● **Work to be completed**:
For this exercise, reproduce only the lines from the one holding "Buy The Attico" through the final line of the data below, exactly, and omit pictures.

● **Given data**:

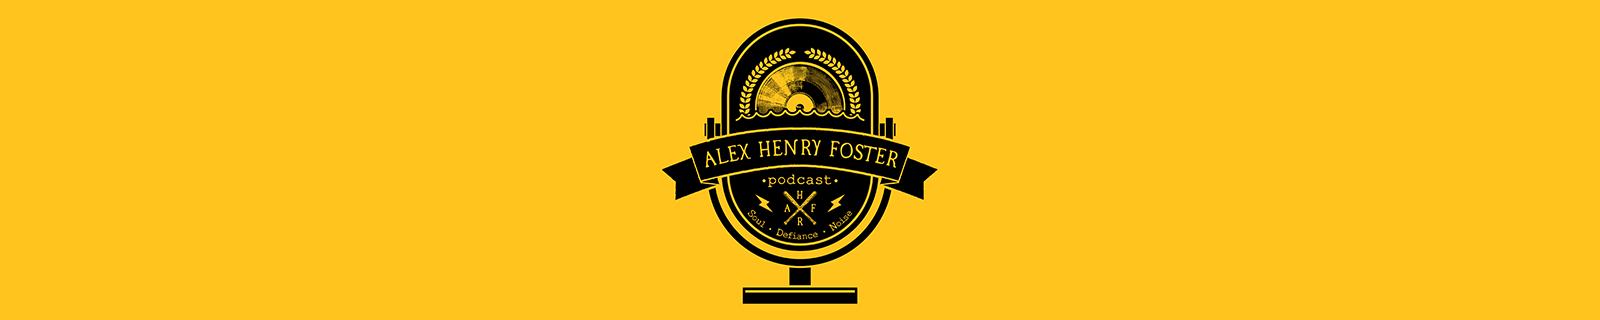 ajh-podcast-banner-website
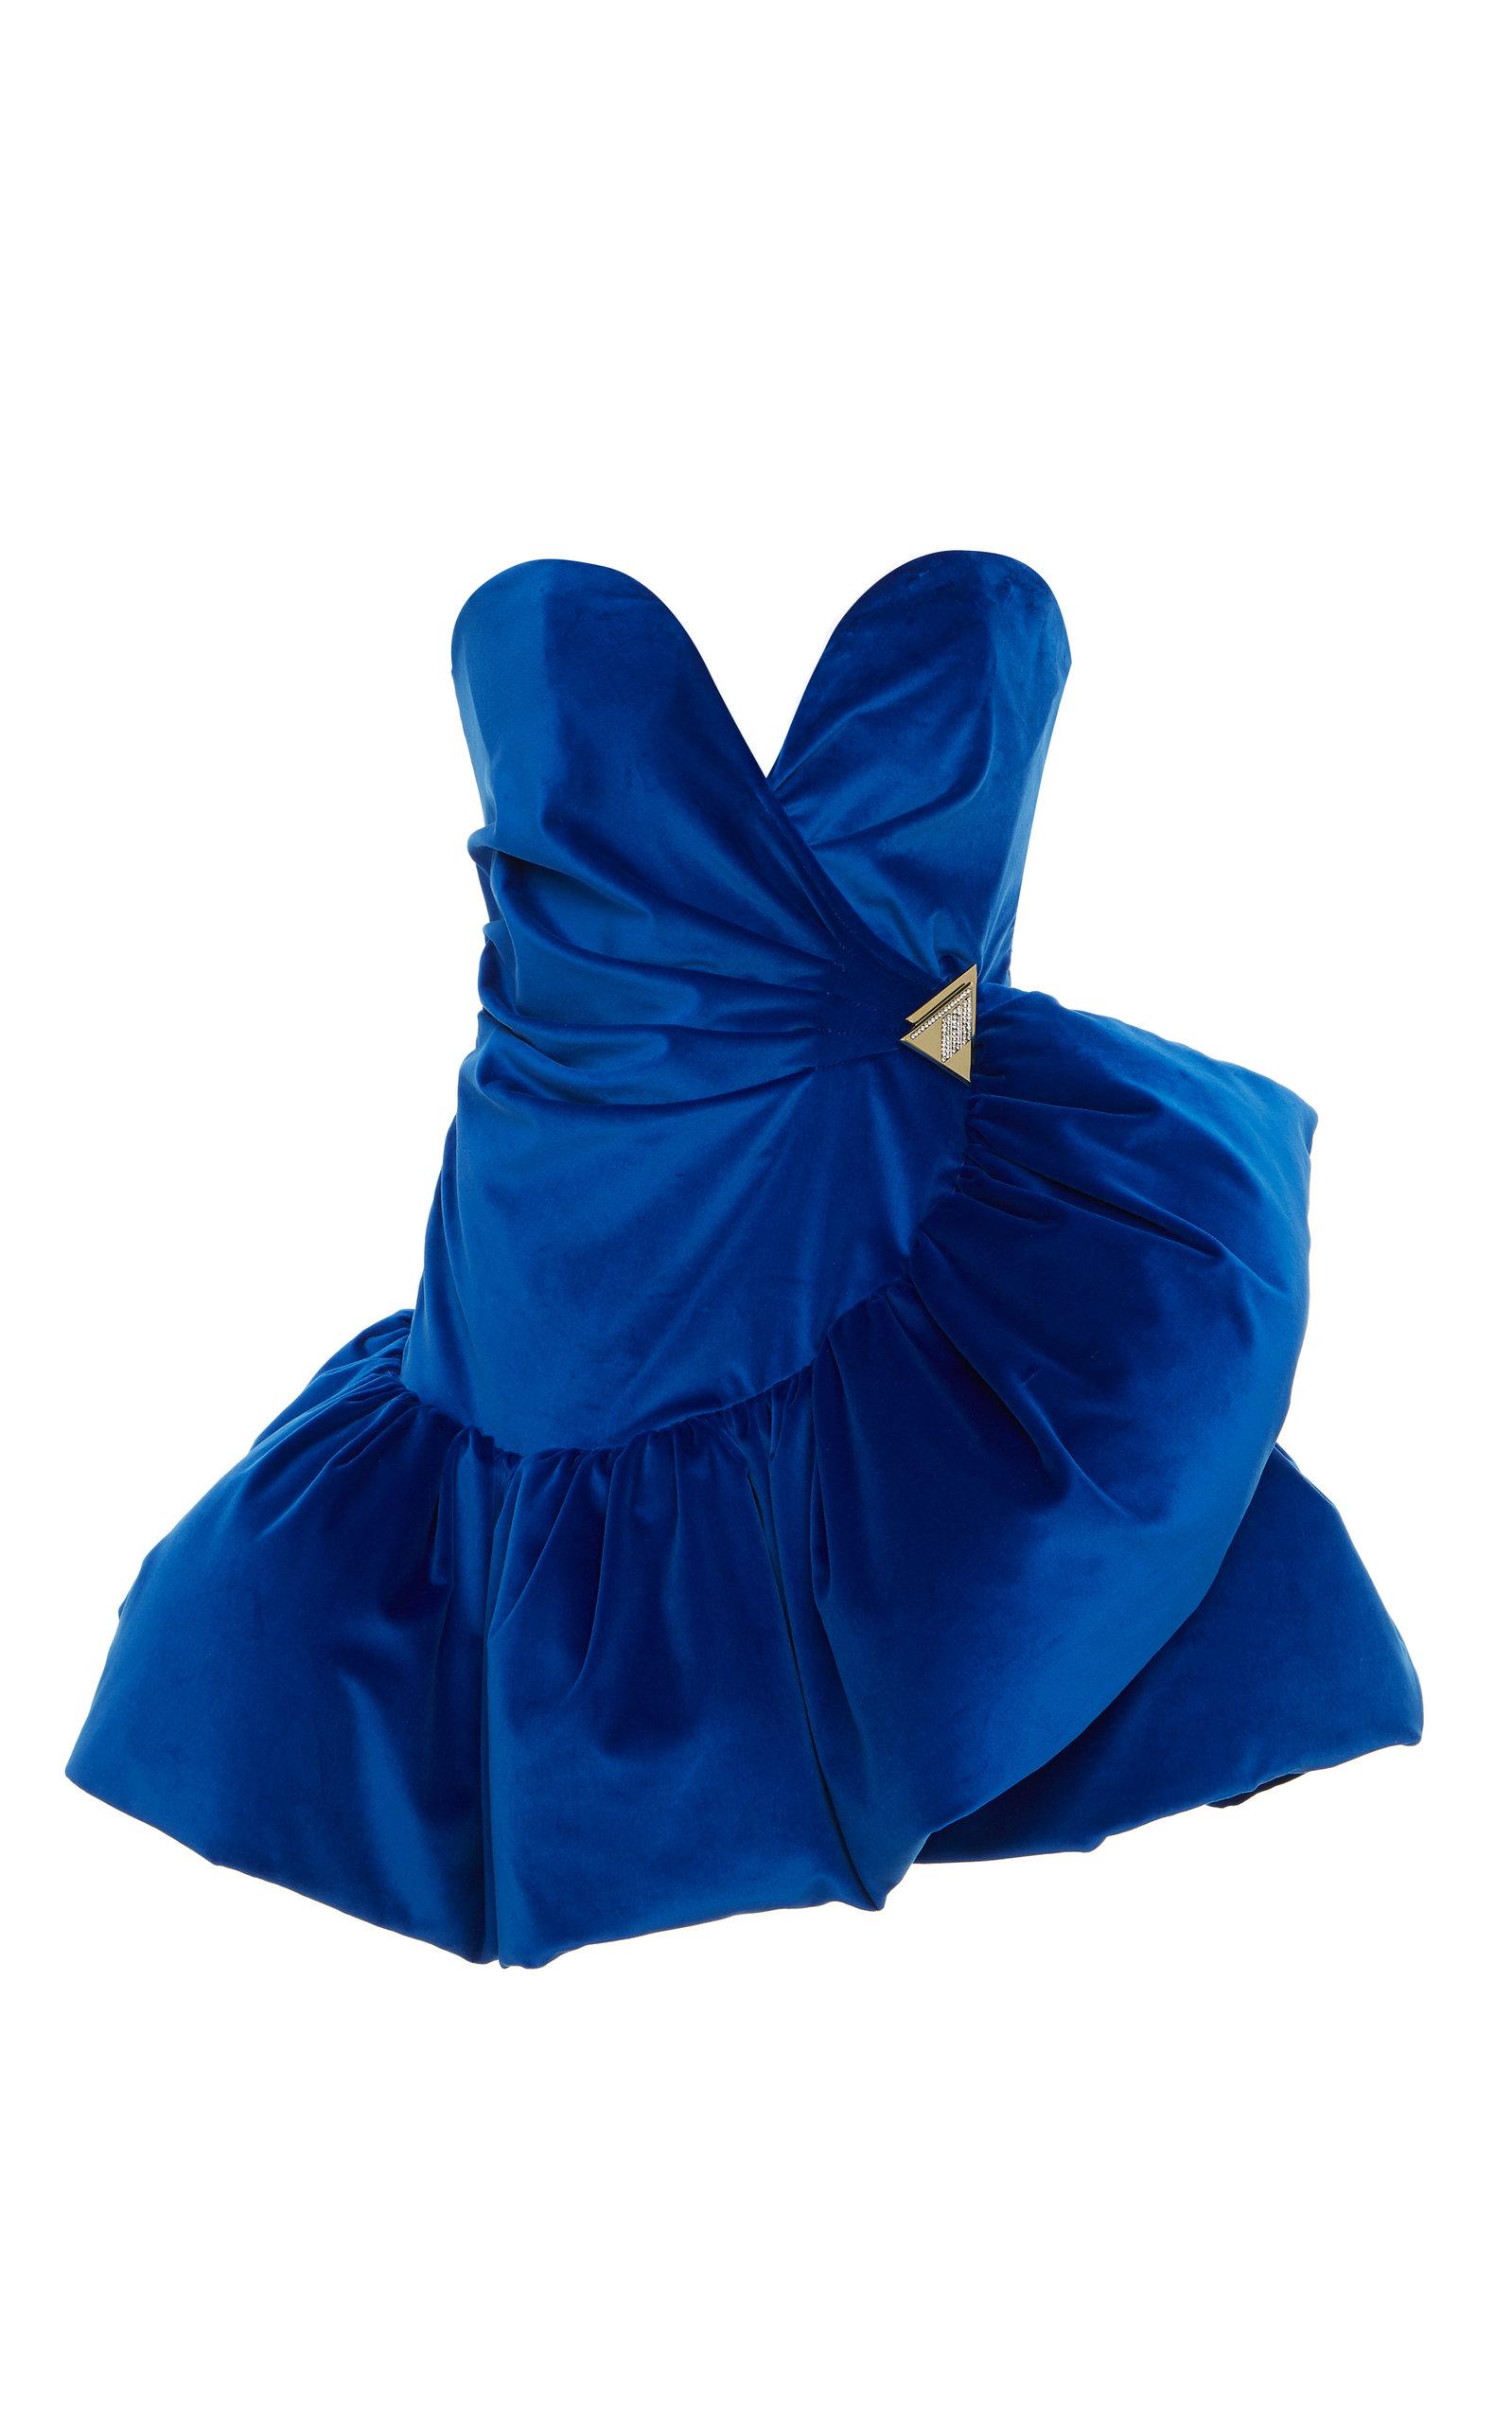 Buy The Attico Ruffled Velvet Mini Dress online, shop The Attico at the best price
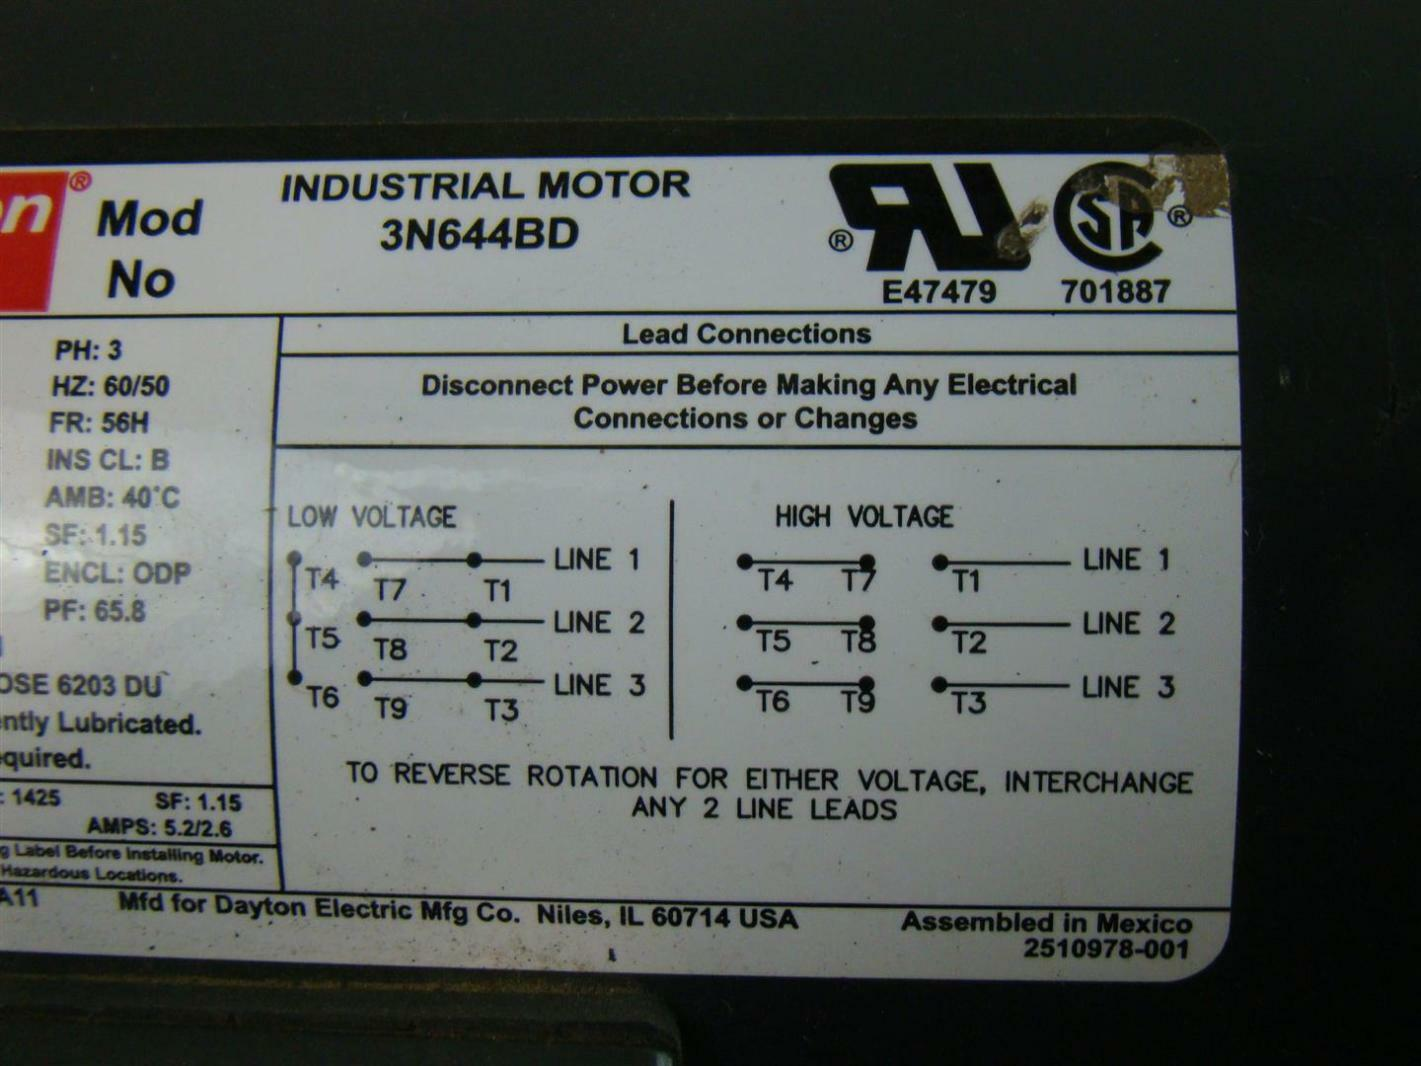 3 phase ups wiring diagram circuit precipitation water cycle dayton industrial motor 1-1/2 hp ph3 208-230/460v 5.4-5.6/2.8amps 3n644bd | ebay

● **Answer to the exercise**:
 Buy The Attico Ruffled Velvet Mini Dress online, shop The Attico at the best price
 3 phase ups wiring diagram circuit precipitation water cycle dayton industrial motor 1-1/2 hp ph3 208-230/460v 5.4-5.6/2.8amps 3n644bd | ebay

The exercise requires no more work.